The main findings of the August survey were as follows:
The seasonally adjusted PMI rose from July’s six-month low of 53.6 to 54.6 in August. This was indicative of a marked improvement in the health of the Kenyan private sector economy.
Output rose for the ninth month in succession during August. Moreover, the rate of expansion accelerated from July’s recent low and was sharp overall. Higher inflows of new orders reportedly boosted output.
New orders also rose for the ninth consecutive month in August. The rate of growth quickened from July’s six-month low and was stronger than the trend seen for the current sequence. Meanwhile, new export orders continued to rise. Despite softening from July’s four-month high, the latest upturn was sharp overall.
As has been the case since December 2017, Kenyan private sector companies raised their payroll numbers in August. Panellists associated higher employment with increased output requirements. Despite quickening from the preceding month, the rate of expansion remained modest.
Purchasing activity rose during August, thereby extending the current period of expansion to nine months. Moreover, the rate of expansion picked-up from June’s six-month low and was sharp. Meanwhile, Kenyan private sector companies raised their pre-production inventories at the sharpest pace since March.

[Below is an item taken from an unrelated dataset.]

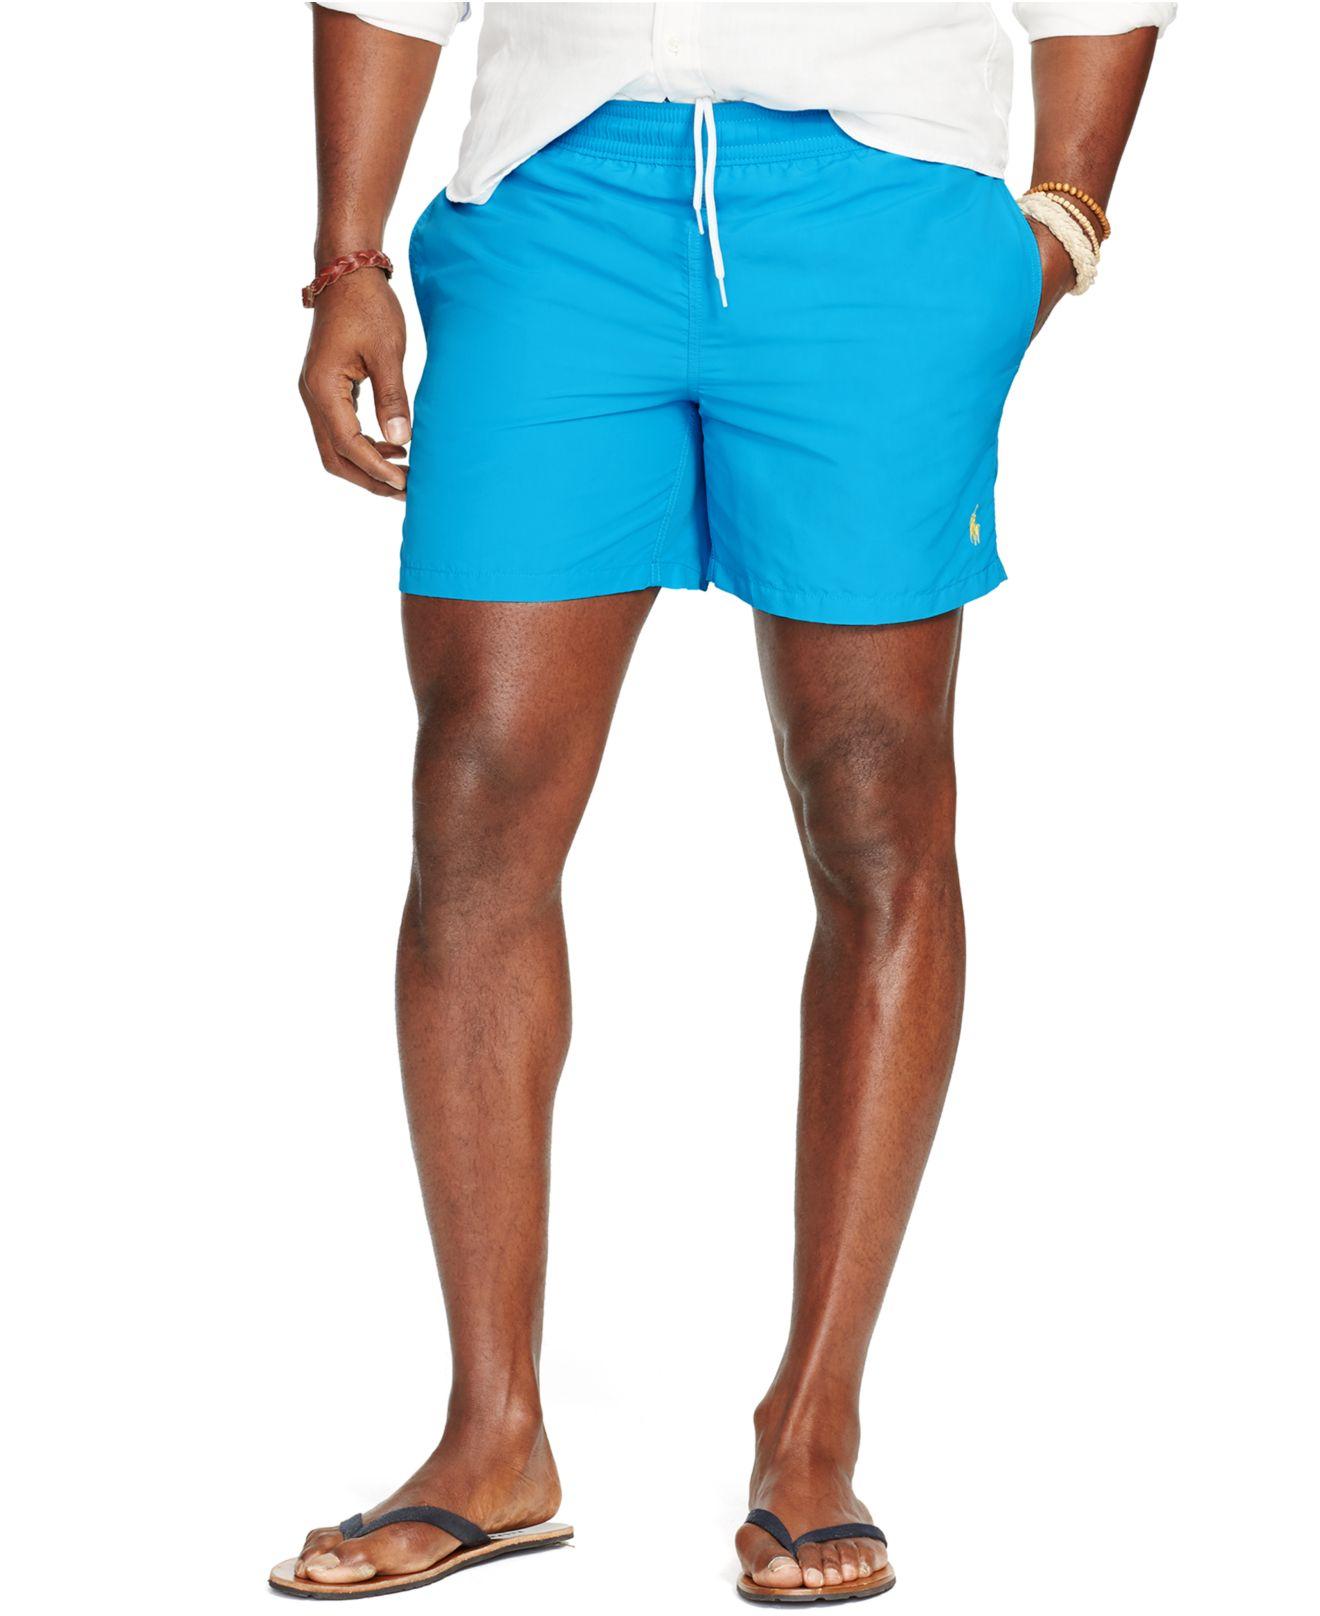 b02135c602 ... shopping lyst polo ralph lauren big and tall nylon hawaiian swim shorts  in d7879 8c752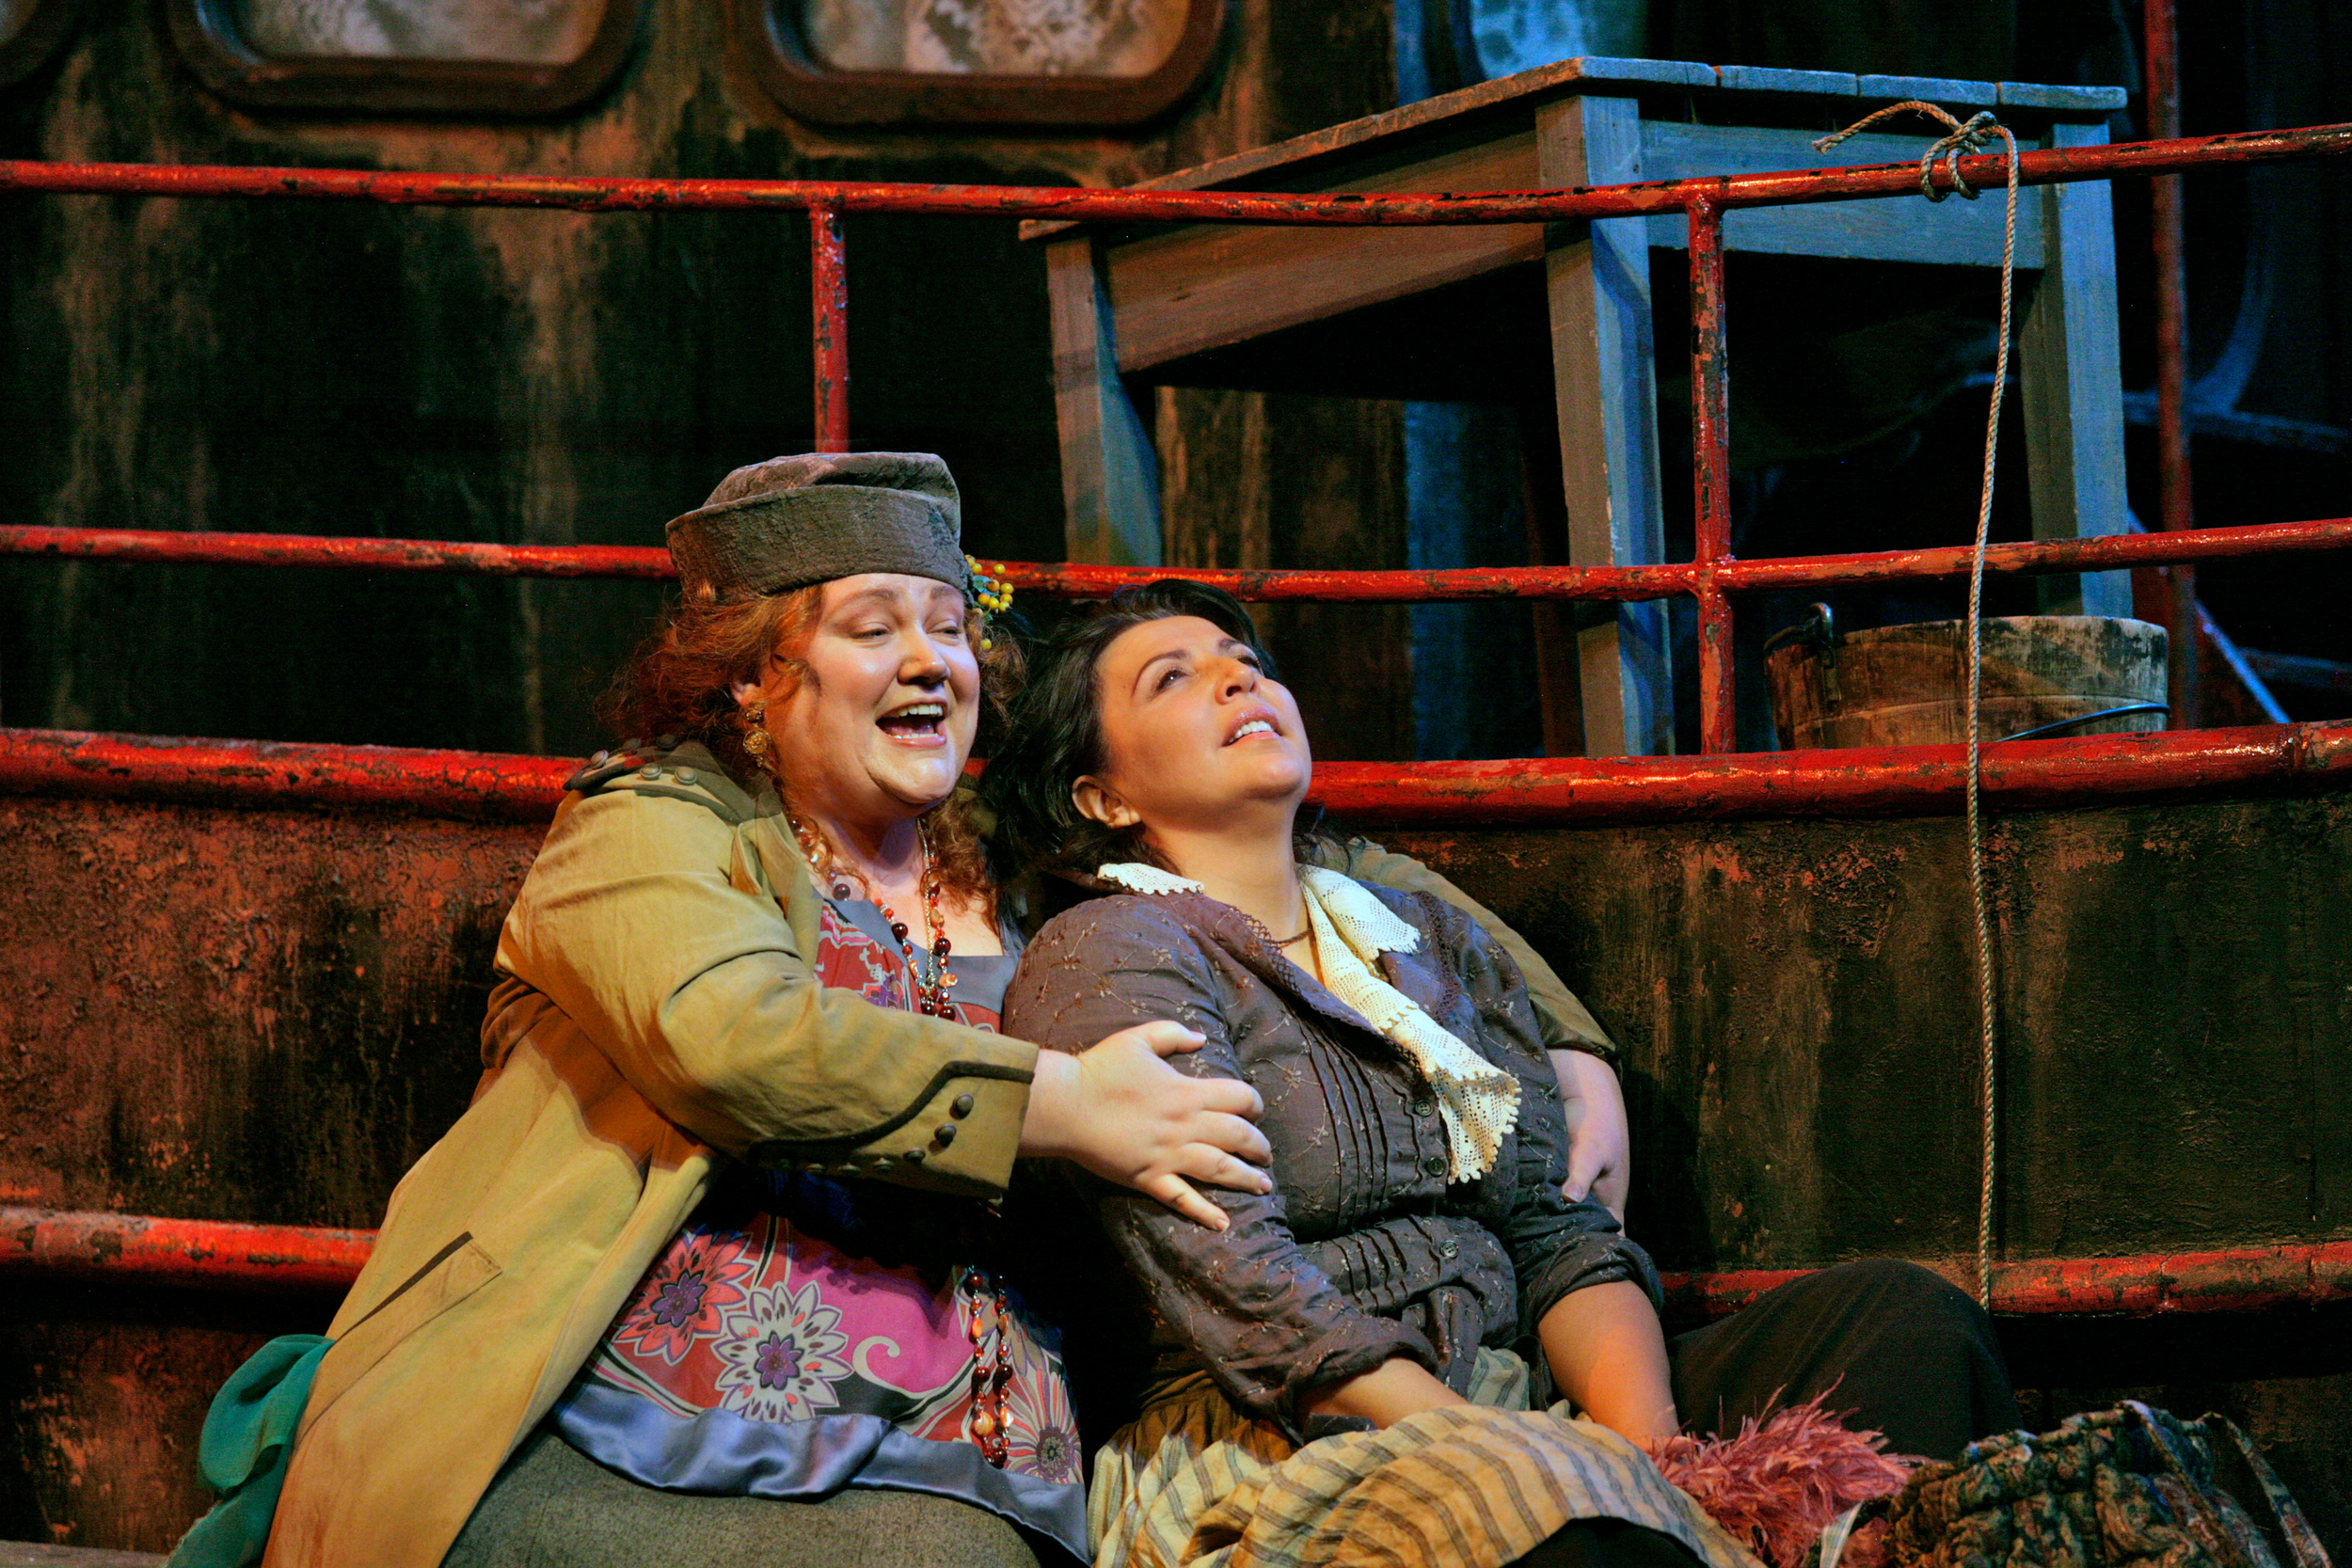 Il Tabarro, Metropolitan Opera

On the price front, Kenyan private sector companies faced higher overall input costs in August. Moreover, the rate of inflation was the sharpest since February. Higher overall input costs mainly emanated from increased purchasing prices as staff costs rose at a modest pace. There were reports that raw material shortages led to higher input prices. Fuel and food were among the key items reported to have increased in price.
August data indicated that firms raised their output charges for the ninth successive month. Panellists reportedly raised their output charges to pass on higher input costs to clients. That said, the rate of inflation eased to the weakest since the end of 2017.